Race, Class, and Education – The Web of Inequality

Table of Contents

Attending a middle-class school exposes minority students to higher expectations and more educational and career options, mainly because middle-class parents are typically more invested in the schools’ and their children’s performances than low-income parents, who have other needs to take care of first.

The relationship between housing and schooling is profound: in many parts of the country, the district that a student lives in will determine the school he or she attends, and, to the extent that school quality varies by location, the district one lives in will determine the quality of education one receives. As such, housing policies are de facto education policies.

That seems simple enough, but throw in the historical evidence of residential segregation by both race and class, as the two are inextricable, and the web of inequalities becomes even more entangled. It becomes apparent that as long as the quality of education is racially allocated, class inequality is racially distributed – which now sounds not so simple. We will be investigating this web to better understand the threads that construct and maintain it, but if one wishes to merely perceive it as a whole, one will see that the interdependence between racial, class, and education inequalities ensures that all elements must be considered when trying to combat social inequality.
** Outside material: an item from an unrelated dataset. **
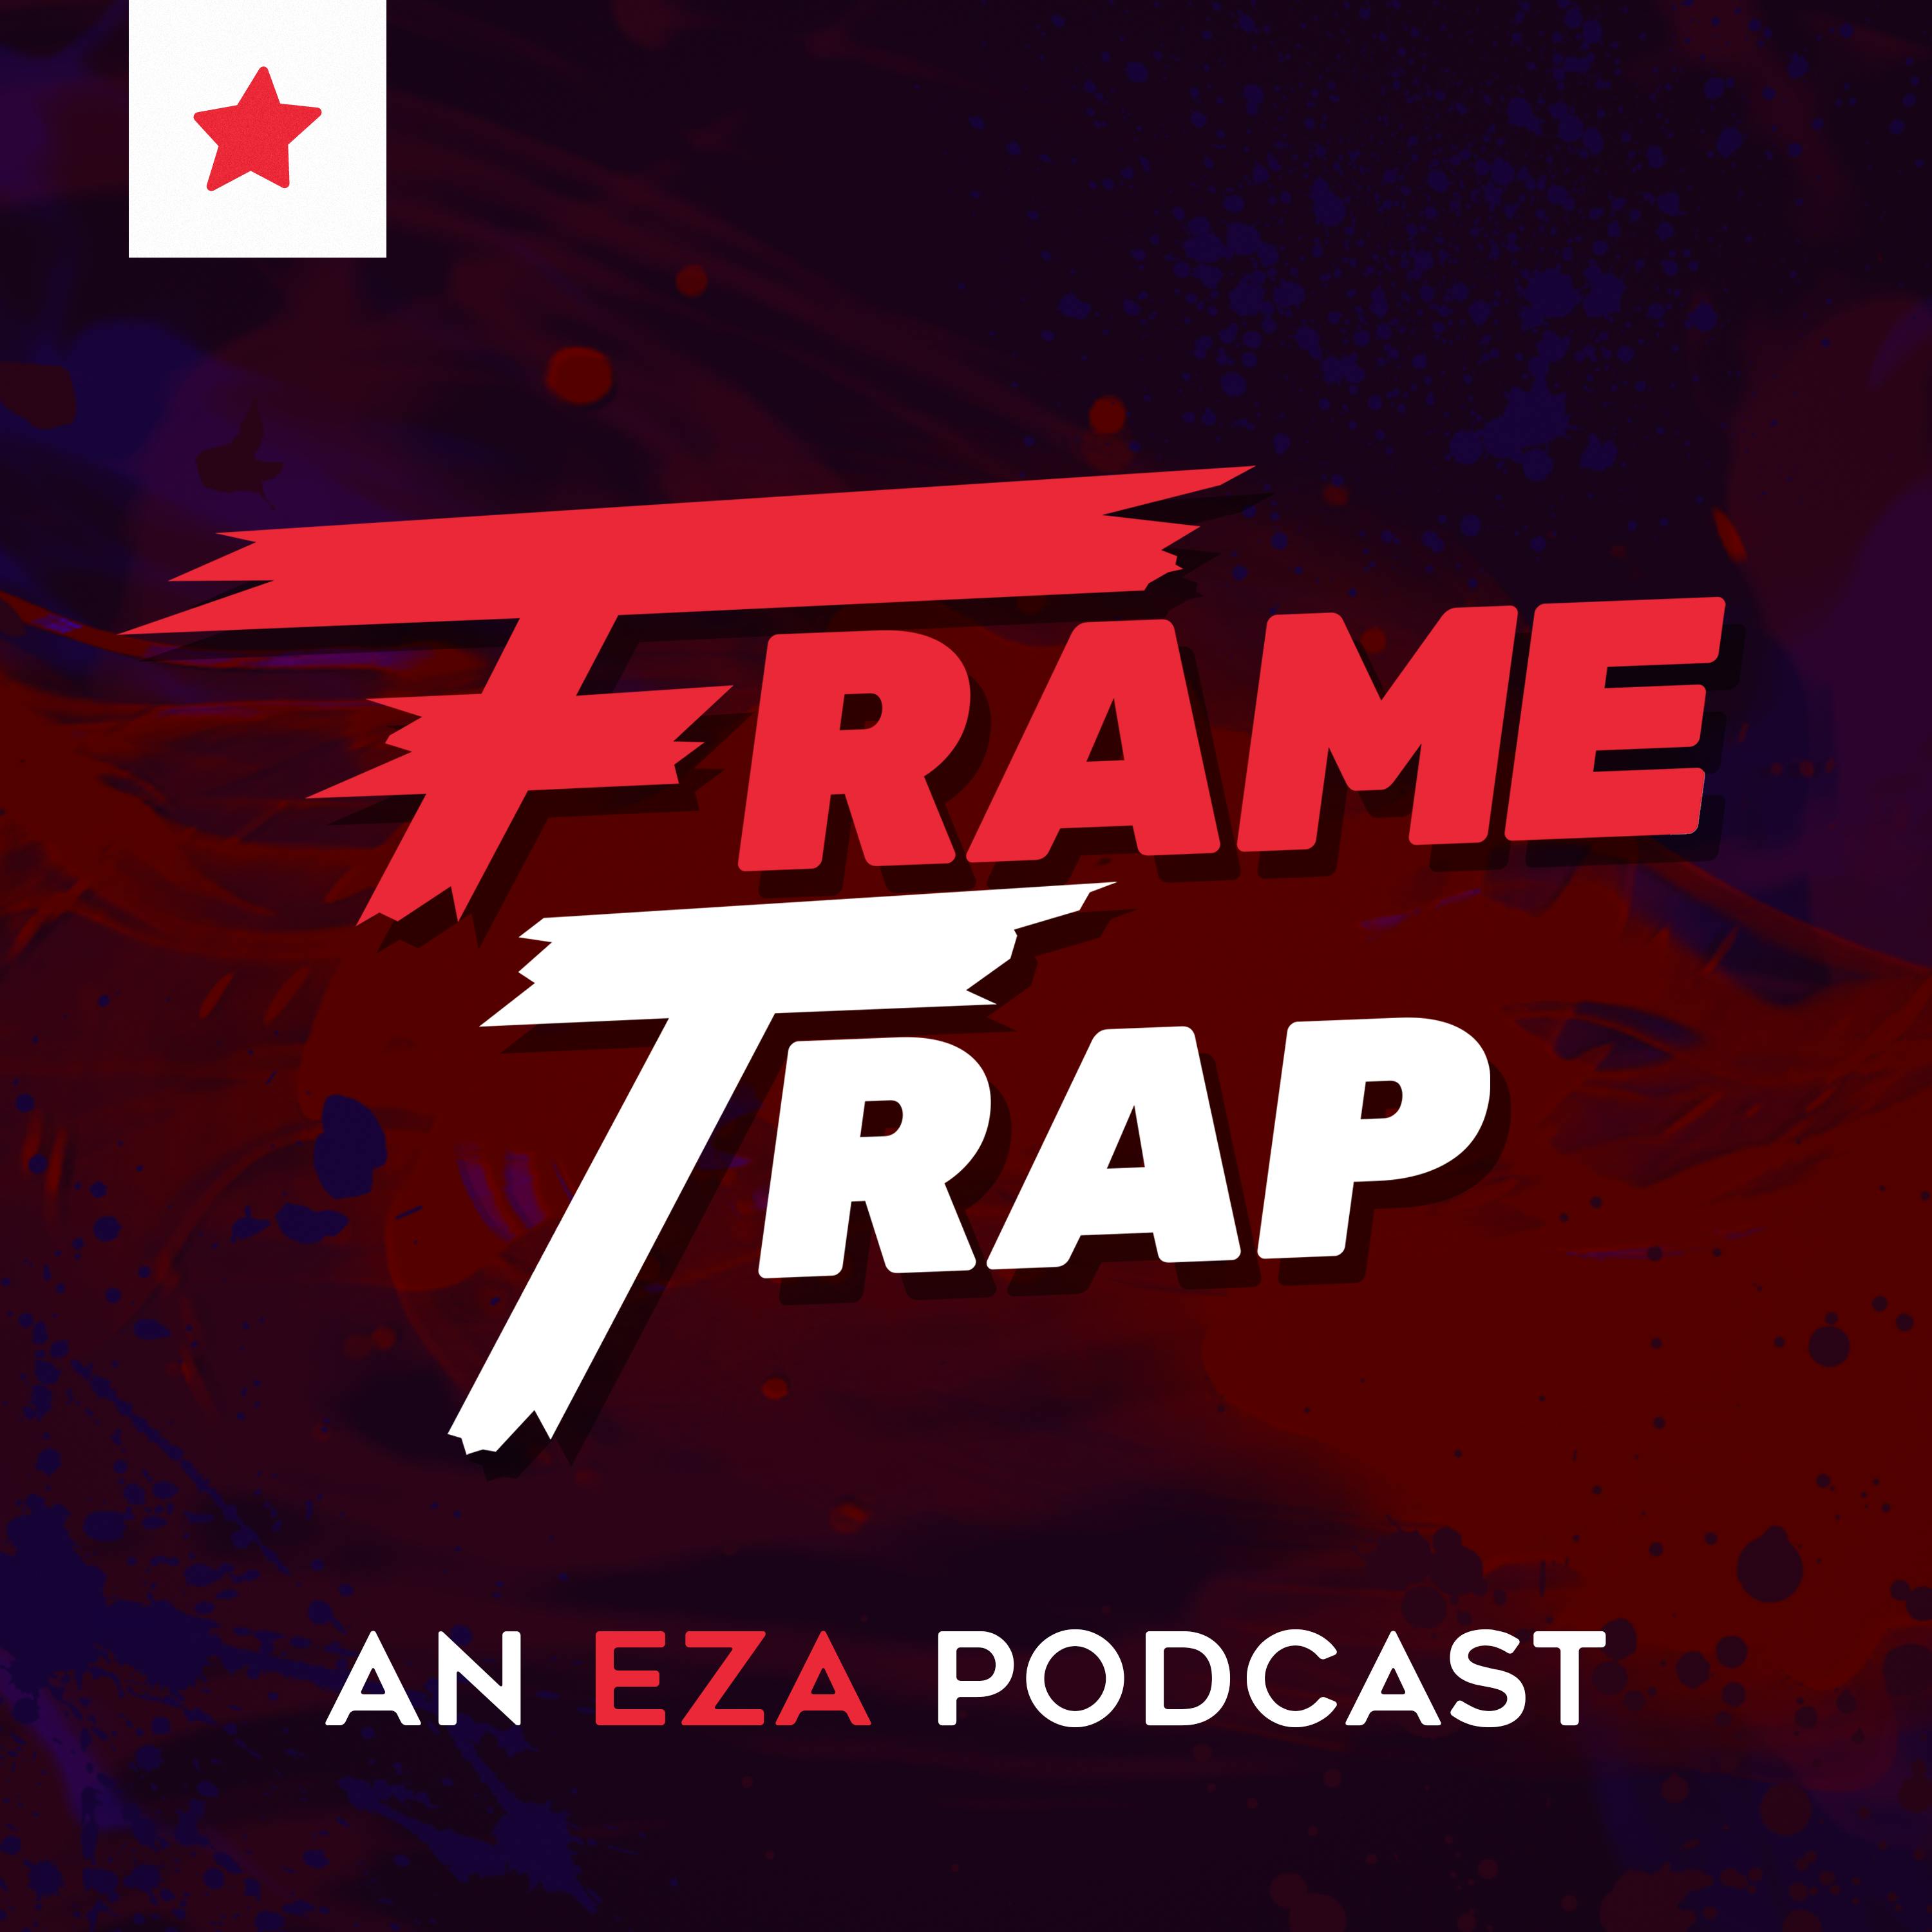 Frame - Trap Episode 184 "Redfall has Fallen"

Segregation by race is systematically linked to segregation by socioeconomic status and in turn, segregation by residential location. Since the 1970s, there has been a gradual increase in white families from large metropolitan areas moving to suburbs and small cities, leaving a dense concentration of black and Latino students in central cities. These majority-minority communities commonly reflect adversity – housing decay, failing infrastructure, and shortage of jobs – all of which are detrimental to children’s educational success.

On top of this racial segregation, public education is becoming increasingly segregated based on the class since schools are mostly financed by real estate taxes. Neighbourhoods with expensive homes fund schools where children of the wealthy may learn and play together. On the contrary, isolated in inner cities, high poverty schools (where the majority of students receive free or reduced lunch) must deal with challenges from a student body lacking health and proper nutrition, exposed to crime and gang violence, and living in unstable home environments.

The stigmatization of people living in these communities often sustains this vicious feedback loop of stagnation and unequal opportunity. Middle-class and even low-income whites can expect their children to attend low poverty schools. On the other hand, even middle-class minority families will end up in neighbourhoods and schools with high poverty concentrations because of housing discrimination and other factors that perpetuate segregated residential patterns.

In essence, schools tend to reflect and intensify racial stratification in society. Compared to high poverty schools, middle-class schools typically have better resources, more qualified teachers, tougher academic competition, and access to more developed social networks. Attending a middle-class school exposes minority students to higher expectations and more educational and career options, mainly because middle-class parents are typically more invested in the schools’ and their children’s performances than low-income parents, who have other needs to take care of first.

As such, there is a strong correlation between the percentage of poor and percentage of a minority in a school: the share of high poverty schools increases as the minority population in a school increases. 88 percent of high minority schools (where more than 90 percent of students identify as minorities) are high poverty schools. In contrast, 15 percent of low minority schools are also high poverty schools. These patterns of segregation by race and poverty show that, while the majority of white students attend middle-class schools, minority students in racially segregated schools are likely attending schools of concentrated poverty.

Furthermore, the achievement gap between more affluent and less privileged children is only widening as the education premium increases. College has virtually become a precondition for upward mobility. Men with only a high school diploma earn about a fifth less than they did 35 years ago, and the income disparity between those with a college degree and those without one is greater than ever: on average, American workers with a degree are paid 74 percent more. Paradoxically enough, though, despite the fact that educational attainment is more vital than ever before, access to higher education is increasingly becoming reserved for the elite. The children of college-educated parents are more than twice as likely to go to college as children of high school graduates, and seven times as likely as those of high school dropouts.

The demand for highly educated workers remains intense, as globalization and fast-paced technological change have substituted low-skill, manufacturing jobs with which a worker with a high school degree could support a middle-class life. As a result of the failure of our public education system to keep up with the demands of the globalized workforce, people who can afford private education have an advantage as competitors in the job market, ultimately accentuating socioeconomic class inequality.

Educational, racial, and class inequalities are intertwined insofar as racial segregation compounds educational inequality, which then exacerbates socioeconomic inequalities. One may not move a single thread without changing the entire structure of the web. Minorities are more concentrated in areas that are not able to make as much of an educational investment compared to that of whites. Consequently, they are less equipped to utilize the increasing returns to education, and the income gap increases as those that obtain post-secondary degrees go on to acquire higher-paying, higher-skilled jobs while increasing the likelihood that their children will do the same. Thus, the cycle of poverty as a function of educational attainment continues.